In this morning’s reading we have Jesus, who had left his hometown of Nazareth as the village carpenter, now returning as a rabbi (complete with disciples) and, in that role, exercising his right to expound the Scriptures in the local synagogue. The consternation and bewilderment of the townsfolk is understandable. Of course, they had heard the rumours of his miracles — such stories spread like wildfire in a region like Galilee — and now those rumours are being given some substance by the fact that Jesus’ teaching is certainly extraordinary … but where does the power to teach and do miracles come from? It can’t be from Jesus’ family — they are next-door neighbours of the folk listening to him teach and there is nothing extraordinary or supernatural about them. So is the power from God? The suggestion is laughable. Why would God empower a village carpenter — particularly one who was conceived out of wedlock and whose real father has never been identified (see my post “Be Fruitful and Multiply” on 19 January 2009). So he has to be a phoney, hasn’t he? And the cheek of it … to come here, playing the rabbi with us, expecting us to lap it all up and fall for his fakery. No way! “And they took offence at him.” The verb is skandalizeo which means to be deeply affronted on a religious level. It implies a total rejection of the claim that his words and works would make on them were they really from God.

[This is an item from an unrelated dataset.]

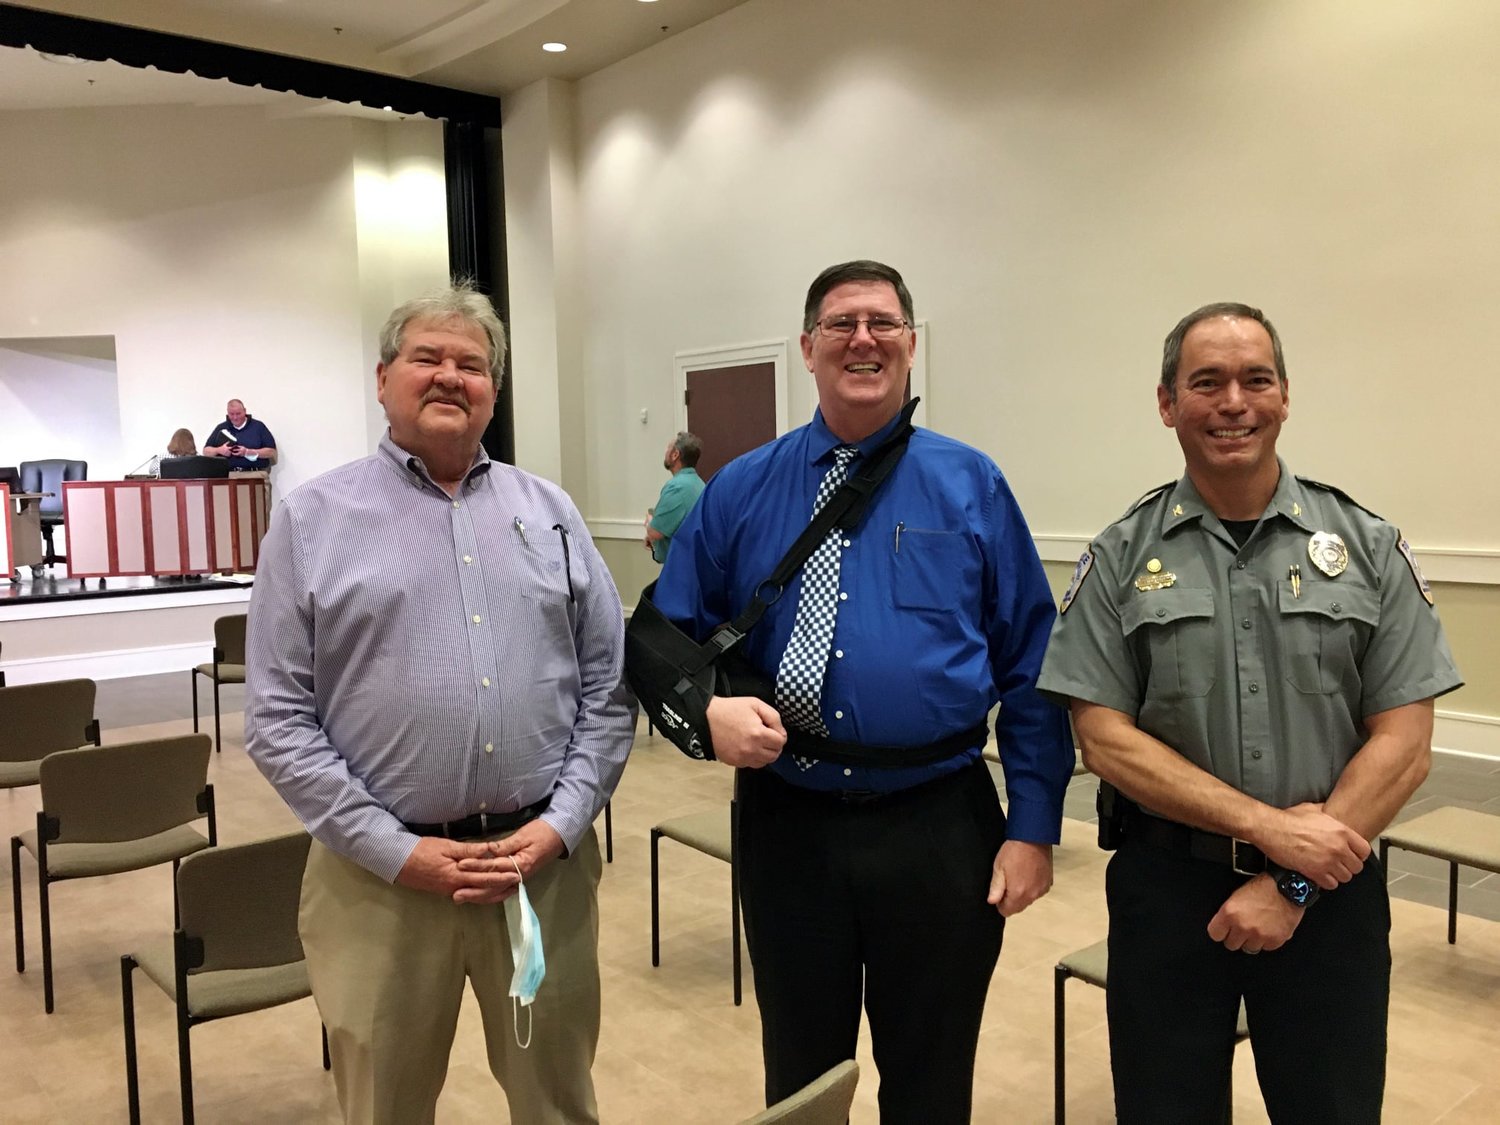 The Rev. Richard Ullo, center, was named the first chaplain of the Spanish Fort Police Department. With Ullo are Mayor Mike McMillan and Police Chief John Barber.

Surprisingly, by extending the familiar proverb of his day and adding the words “and among his relatives and in his own household,” Jesus was clearly saying that there were, at that time, those in his own family who sided with the townsfolk in taking offence at him and rejecting a divine source for his power and authority. And in John’s gospel we are told who those members of his family were: “Not even his brothers believed in him” (John 7.5).
Belief and unbelief. That is what it all comes down to. Where there is faith, Jesus can do “mighty works,” but where there is unbelief he cannot. Or should that be “will not”? Was Jesus actually disempowered by the unbelief of his townsfolk or was it rather that he did not feel free to use his power in such an environment of rejection and unbelief? Surely it was the latter. To perform miracles among people who were adamant that Jesus’ power was not of God would reduce Jesus to the level of a wonder-worker, a thaumaturge, a magician … and that he would not allow. All his miracles were to be “signs” pointing to the loving Father and if people would not allow them to be that then they must be withheld.
We talk about the power of faith, but here I see the power of unbelief. It can cause Jesus to withhold what he not only could do but would do, were that unbelief not present. How many people in Nazareth that day forfeited their opportunity to receive healing of body, mind or spirit simply because they were not prepared to move beyond the limitations of their own thoughts and beliefs about Jesus?
It says that Jesus “marvelled” because of their unbelief, and this is the only time in Mark’s gospel when Jesus is said to marvel. To him, faith was the very air he breathed. His whole life was lived in total trust in and dependency upon the power of his Father — power that faith channelled into his life and word and works. How could people … supposedly some of God’s people … be so devoid of faith!
But I have to ask myself this morning: How often is Jesus left marvelling at my unbelief? And how often can he do no mighty work because of it?